Bol bol satır arası yorumlarınızı bekliyorum, iyi okumalar!
***
Close your eyes and you will find / Passage out of the dark.
Gözlerini kapayınca bulacaksın
Karanlıktan çıkışı.***
Benliğimi ele geçiren çaresizlik ile salonu terk ettim. Korumalardan başka bir şey olmayan boş koridorda duruyor ve nereye gideceğimi de bilmemenin verdiği kaybolmuş duygusuyla etrafa bakıyordum. Cam bir fanustaymışız hissi veren camdan duvarları vardı binanın. O camdan duvarları kırmak, boşluğa adım atmak istiyordum.
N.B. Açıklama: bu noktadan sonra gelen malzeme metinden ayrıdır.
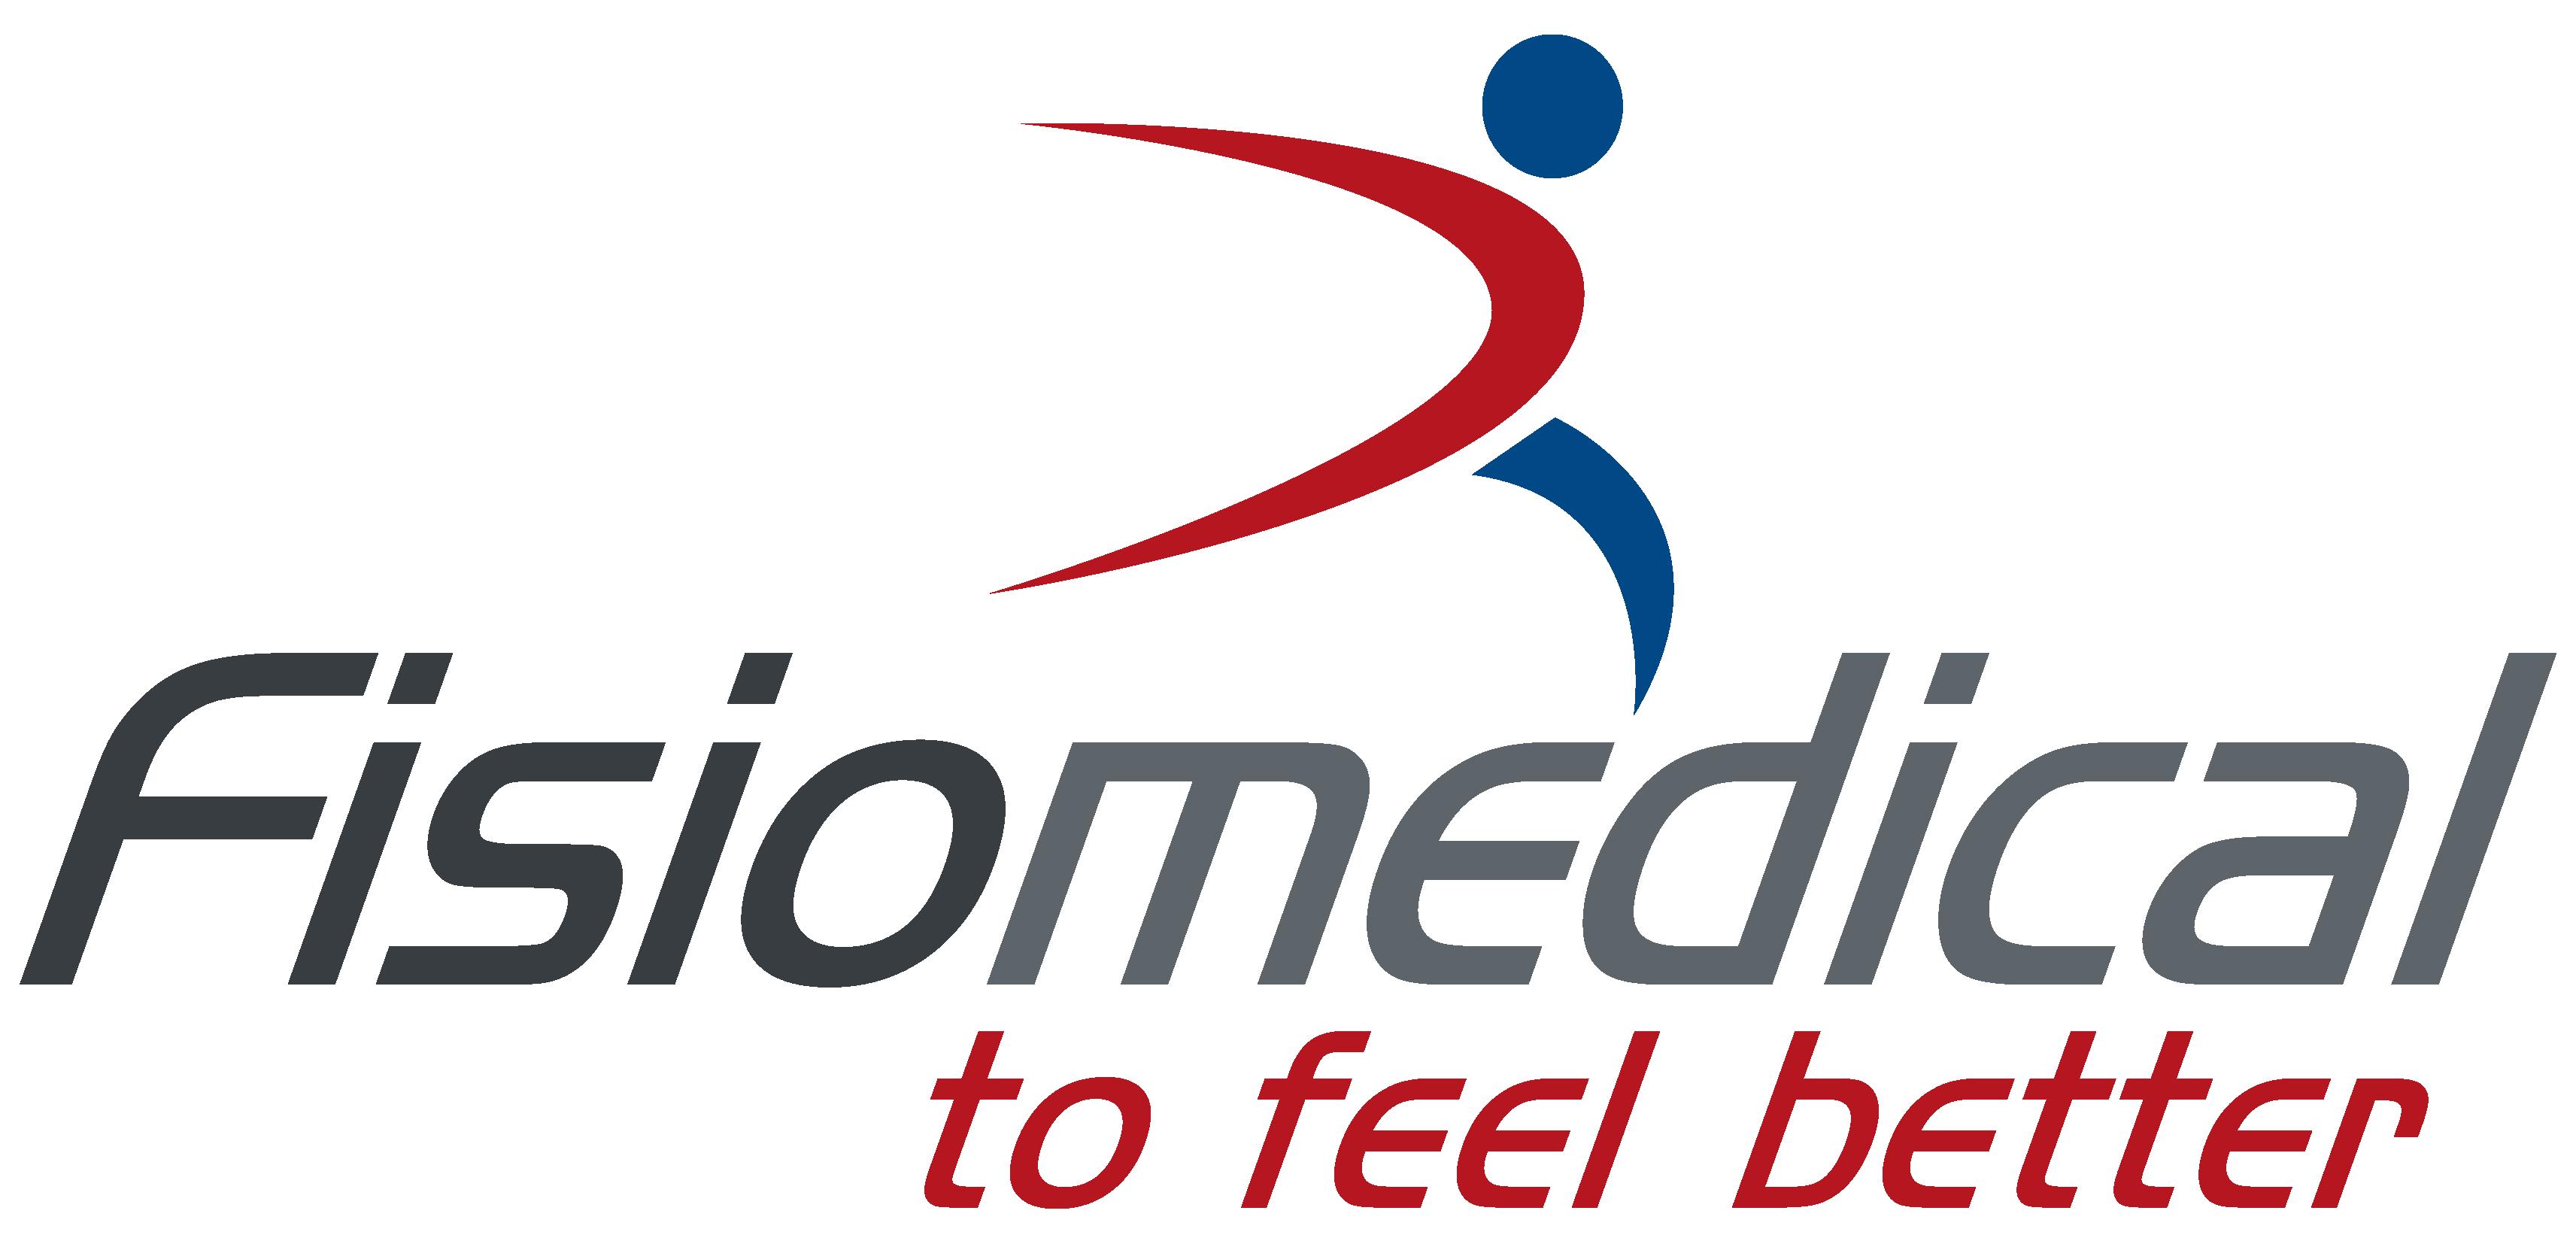 Fisiomedical

Korumalardan bir kaçı beni izliyordu. İzlenilmekten artık bıktığım için korumaların olmadığı bir koridor bulmak umuduyla sol tarafa saptım ve koridor boyunca koştum. Bana izin vermelerine şaşırsam da sanırım buradan çıkamayacağımdan emindiler.
Korumaları geride bırakınca camdan duvara yaslandım ve dışarıyı seyretmeye başladım. Çünkü yapabileceğim tek şey buydu, bana izin verilen tek şey. Dışarıda, birbirinden farklı bir çok büyük bina vardı. Beton binalar ve toprağı görünmeyen zeminler ile ruhum daralsa da bu binaların bittiği yerde yeşillik uzanıyordu. Sonsuz yeşillik ve gökyüzü uzayıp giderken evimi düşündüm. Oralarda bir yerde olduğuna emindim ama şimdi, oradan çok uzakta, bu yerde sıkışıp kalmıştım. Fanusta yaşayıp okyanusu özleyen balıklar gibi hissediyordum.
Eve gitmek istiyorum.
Ama tek yapabildiğim, okyanusu hayal eden balıklar gibi evi hayal etmek.
Gözlerimi kapattım, bir ipucu bulabilirdim. Hiçbir şey olmamış gibi anılar bir anda yok olamazdı, sanki hiç var olmamış gibi. Orada bir yerde olduğunu biliyordum, zihnimin ulaşamayacağım yerlerinde.
Sırtımı camdan duvarlara verdim ve sonra gözlerimi kapatıp anıların içine girmeye çalıştım.
"Gözlerimi açıyorum.
Büyük bir alandayım, beton bir meydanda. Yerde uzanıyorum. Yavaşça ayağa kalktığımda, insanlarını dairesel bir şekilde beni sardıklarını ve izlediklerini görüyorum.
Hayır, beni izlemiyorlar. Üzerimde büyük bir gölge var, onu izliyorlar. Kimse beni fark etmiyor. O gölgenin altında görünmez gibiyim. Vücudum yine küçük ve insanlar buğulu. Ellerimi yüzüme götürdüğümde gözlerimden akan yaşları hissediyorum. Etrafımı saran kalabalığa baktığımda kimse ağladığımı görmüyor. Kimsenin umurunda değilim. İnsanlar çılgınca üzerimdeki gölgeye tezahürütler yapıp, alkışlıyorlar.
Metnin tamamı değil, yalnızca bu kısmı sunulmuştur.